Here is the working code:

import pandas as pd
import numpy as np
def PFunc1():
    val = np.where((
        (df1[&#39;Score&#39;].shift(+3)&lt;0) &amp;
        (df1[&#39;Score&#39;].shift(+1)&lt;0) &amp;
        (df1[&#39;Score&#39;].shift(+2) &lt; df1[&#39;Score&#39;].shift(+3)) &amp; 
        (df1[&#39;Score&#39;].shift(+1) &lt; df1[&#39;Score&#39;].shift(+2)) &amp; 
        (df1[&#39;Score&#39;] &gt; df1[&#39;Score&#39;].shift(+1))),1,0)
    return val

df1 = pd.DataFrame()
df1[&#39;Name&#39;] = [&#39;A&#39;,&#39;A&#39;,&#39;A&#39;,&#39;A&#39;,&#39;A&#39;,&#39;A&#39;,&#39;A&#39;,&#39;A&#39;,&#39;A&#39;,&#39;A&#39;,&#39;A&#39;,&#39;A&#39;,&#39;A&#39;,&#39;A&#39;,&#39;A&#39;,&#39;A&#39;,&#39;A&#39;,&#39;A&#39;,&#39;A&#39;,&#39;A&#39;,
               &#39;B&#39;,&#39;B&#39;,&#39;B&#39;,&#39;B&#39;,&#39;B&#39;,&#39;B&#39;,&#39;B&#39;,&#39;B&#39;,&#39;B&#39;,&#39;B&#39;,&#39;B&#39;,&#39;B&#39;,&#39;B&#39;,&#39;B&#39;,&#39;B&#39;,&#39;B&#39;,&#39;B&#39;,&#39;B&#39;,&#39;B&#39;,&#39;B&#39;]
df1[&#39;Score&#39;] = np.random.randint(-4,3,df1.shape[0])
df1[&#39;Pattern&#39;] = PFunc1()
df1.head(50)

When I run the below I get the error: TypeError: unhashable type: 'numpy.ndarray'
Applying the same with a Lambda function results in Nans.

df1[&#39;Pattern2&#39;] = df1.groupby(&#39;Name&#39;)[&#39;Score&#39;].apply(PFunc1())

Is this possible with np.where or is a different approach needed?
Many thanks

答案1

得分: 1

以下是您要翻译的内容:

The function works but I need to use groupby to apply it to all the names in the table.

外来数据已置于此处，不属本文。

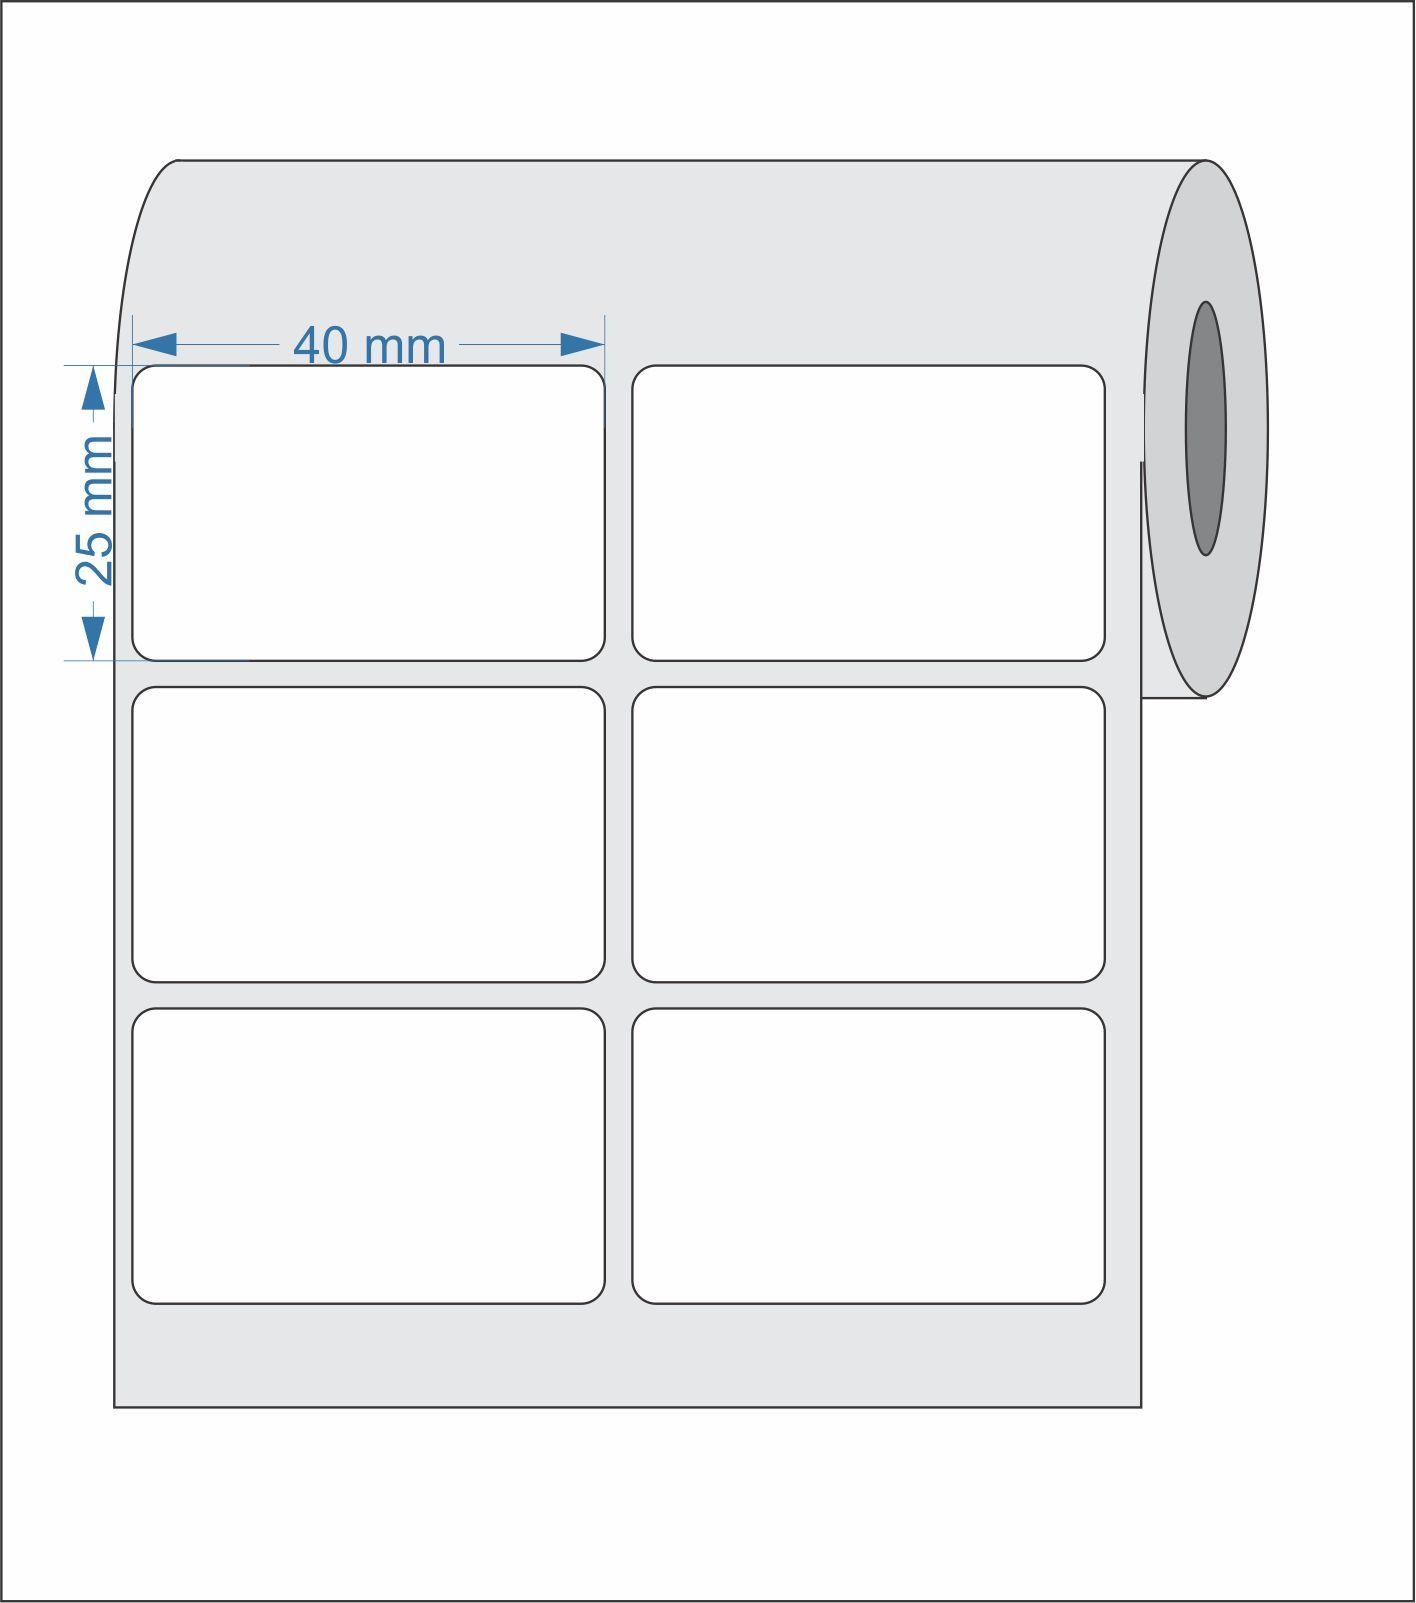 Etiquetas Adesivas 40x25 mm  BOPP 02 Colunas - 5 ROLOS

It looks like you aren't performing an aggregation; you're performing an item-by-item transformation. Therefore, don't use GroupBy.apply(), use GroupBy.transform().

The transforming function needs to accept a Series as input, so you should modify PFunc1 to accept an argument.

Also, PFunc1 can be slightly streamlined:

  • It doesn't require np.where
  • You don't need to check if scores.shift(+1) < 0
    • (If the first item is less than 0 and the next two items are even less than the first, then there's no need to check if they are also less than 0.)
import pandas as pd
import numpy as np

def PFunc1(scores):
    return (
        (scores.shift(+3) < 0) &
        (scores.shift(+2) < scores.shift(+3)) &
        (scores.shift(+1) < scores.shift(+2)) &
        (scores > scores.shift(+1))
    ).astype(int)

df1 = pd.DataFrame()
df1['Name'] = ['A','A','A','A','A','A','A','A','A','A','A','A','A','A','A','A','A','A','A','A',
               'B','B','B','B','B','B','B','B','B','B','B','B','B','B','B','B','B','B','B','B']
df1['Score'] = np.random.randint(-4,0,df1.shape[0])

# Process all Scores without respect to Name
df1['Pattern'] = PFunc1(df1['Score'])

# Process Scores for each Name independently
df1['Pattern2'] = df1.groupby('Name')['Score'].transform(PFunc1)
英文:

>The function works but I need to use groupby to apply it to all the names in the table.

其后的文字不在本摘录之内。